By the absence of protest since January 2021, I assume that no black person has been shot by a police officer in the US. If my assumption is wrong, then it would look like BLM was supported and the protests promoted in order to get a Democrat elected President.
My response to the disgusting photograph accompanying this article:-
BOOOOOOOOOOOOOOOOOOOOOOOOO!!!!!!!!!!!!!!!!!!!!!!!!!
Not entirely fair to call Turchin a “doomsayer”. He believes history moves in cycles so there is no end point of “doom” – just the start of a new cycle.
Many of those posting below clearly imagine themselves to be defenders of the West and its civilization.
But there are no deadlier enemies of the West than such dweebs posing as its defenders.
For what civilization propped up by such people, has even the tiniest hope of surviving ?
Four angry posts ‘on the trot’, have you sought help may I ask?

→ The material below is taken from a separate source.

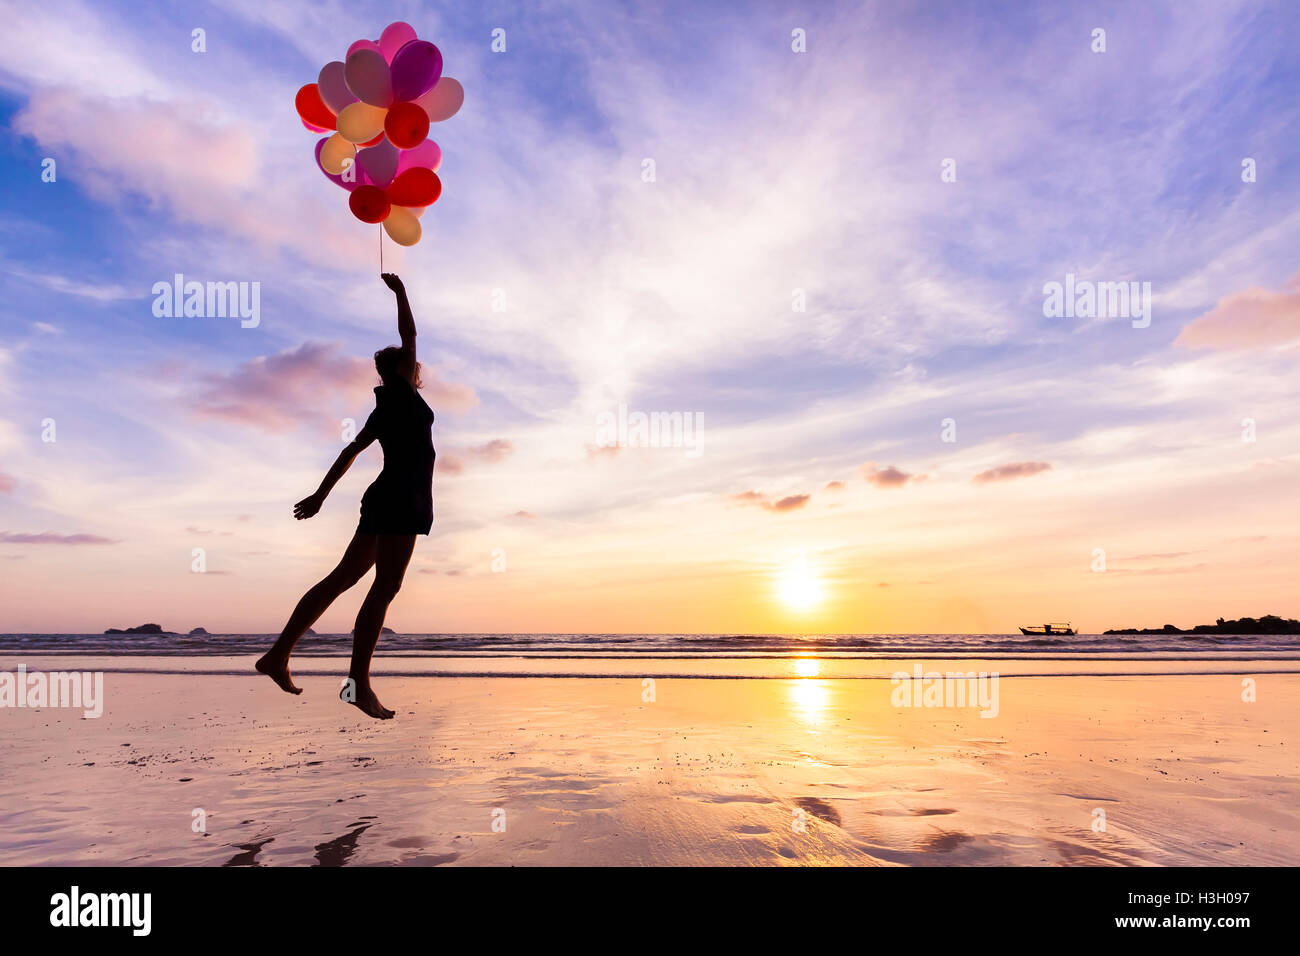 Femme dans un rêve heureux volant dans le ciel levé par ballons d'hélium Banque D'Images

I would need help if I wasn’t angry.
What horribly cruel people right-wingers are, witness many of the comments below.
What horribly cruel people left-wingers are, witness many of the comments by Tony Phuck.
In many of the posts below, can be heard the hellish, mocking voice of the Rich deriding the Poor, the Snug deriding the outcasts, the Smug deriding the tragic, the Winners deriding the Losers.
In one thing, at least, George Floyd was Christlike – being derided by Evil people.
“In many of the posts below, can be heard the hellish, mocking voice of the Rich deriding the Poor, the Snug deriding the outcasts, the Smug deriding the tragic, the Winners deriding the Losers.”
Oh, so you don’t like woke Remainers either.